Sustaining great service
Most advisers are super responsive to their clients. However, as your business grows and you are serving more clients, it becomes harder and harder to maintain that service level.
This is an important issue. For most advisers, the personal customer service component is a major competitive advantage. Compare your service to the generic service levels you receive from your bank, your pay tv provider, or your local council. Compared to that we look amazing.
Get competitive
In his blog, Your customer service strategy, master of marketing Seth Godin says:
“Customer service isn’t simply an expensive, time-consuming obligation. It’s a strategic marketing investment if you want it to be.”
As well-funded, big-brand names try to build relationships directly with clients themselves, via robo advice and cyborg advice, a mix of human and robo, what’s your strategy to compete? It might not be a major issue right now, but I suspect it’s going to become one.
Seth goes on to say:
“When Fedex was building relationships with busy business people who would become the backbone of their customer base, they answered the phone on the first ring, every time.
When Apple needed to save the Mac from Windows hegemony, they installed experts at the Genius bar and encouraged them to spend the time needed to humanize a traditionally inhuman interaction.
A b2b insurance agency spent two million dollars ripping out voicemail from their agency. Every call gets answered by a human every time. It paid for itself in four months. That’s a strategic investment, not a cost-cutting shortcut.”

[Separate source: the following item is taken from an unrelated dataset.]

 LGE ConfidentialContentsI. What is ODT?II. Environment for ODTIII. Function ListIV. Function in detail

In a recent Harvard Business Review article, Reinventing Customer Service, Matthew Dixon looks at how mobile phone company T-Mobile have completely reimagined their customer service proposition.
In the traditional customer service centre:
“Turnover rates for customer service workers are among the highest in the business world, 27% annually on average, according to Mercer. For customers, the experience is hardly better. They are forced to navigate computerized call trees and, should they get a live person, they’re often treated robotically and handed from one agent or department to another if their issue is outside a rep’s narrow repertoire.”

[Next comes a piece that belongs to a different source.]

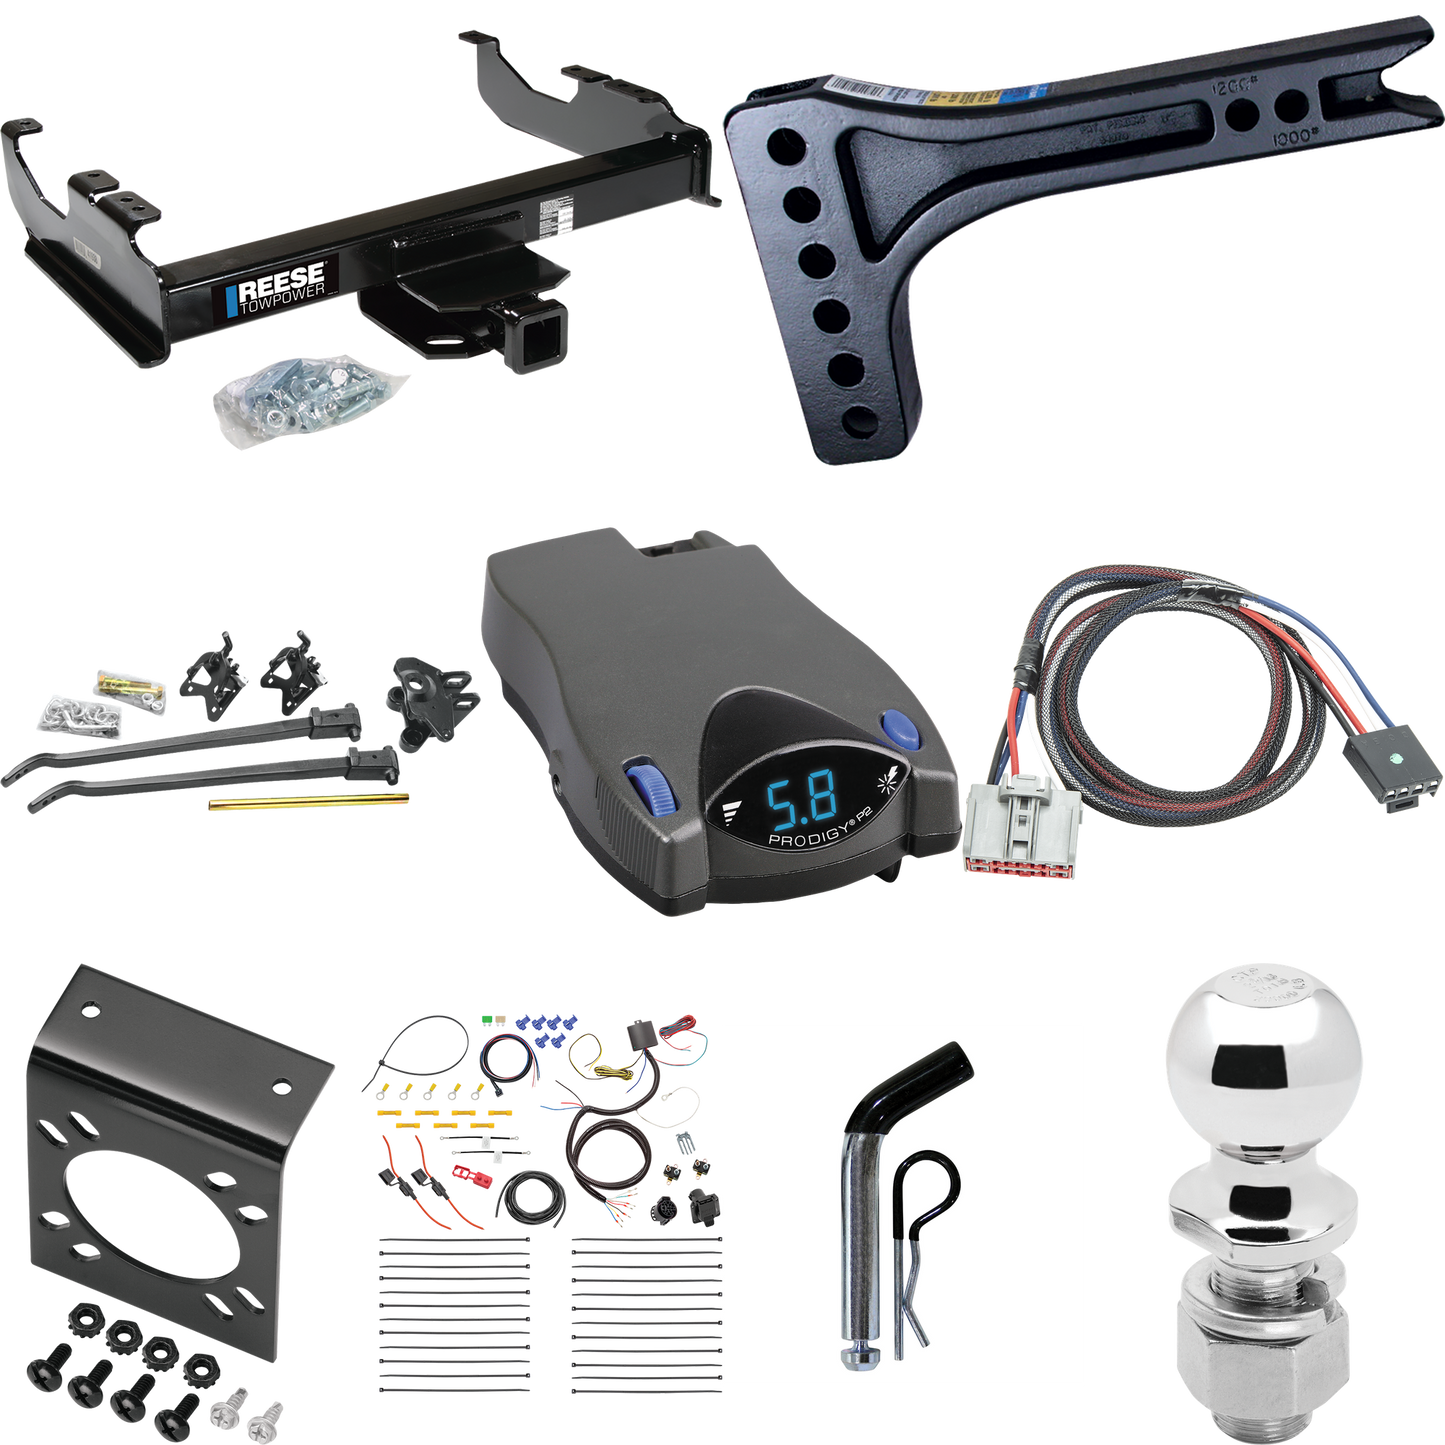 Fits 2020-2019 Chevrolet Silverado 3500 HD Trailer Hitch Tow PKG w/ 15K Trunnion Bar Weight Distribution Hitch + Pin/Clip + 2-5/16" Ball + Tekonsha Prodigy P2 Brake Control + Plug & Play BC Adapter + 7-Way RV Wiring (For Cab & Chassis, w/34" Wide Fra

Now, in T-Mobile’s new call centres:
“Reps sit together in shared spaces called pods, collaborate openly, and are trained and encouraged to solve customer issues as they see fit. Most remarkably, these teams manage a specific pool of customer accounts, just as a small business would. Unshackled from legacy metrics like handle time, they instead think about the best way to solve each caller’s problem and, ultimately, how best to improve customer retention, share of wallet, and loyalty.”
Does it work?
“In the three years since launch, T-Mobile’s overall cost to serve is down 13%, its Net Promoter Score (a measure of customer loyalty) is up by more than half, and its customer churn rate has dipped to an all-time low. Employees are happier too; attrition and absenteeism have plummeted.”
I see the best Financial Planning firms operating a similar model.
How the best FP firms do admin
At successful FP firms administration roles are split into two different kinds:
- The Technical Administrator – handles what we might consider typical admin work: lodging applications (hard copy or online as required), dealing with providers, entering data, and completing trades or purchases.
- The Client Relationship Manager – the first point of telephone and email contact with clients. These team members are the front line of customer service, with great people skills and a happy customer service style. Clients speak to them first, and they make sure stuff happens and gets followed through.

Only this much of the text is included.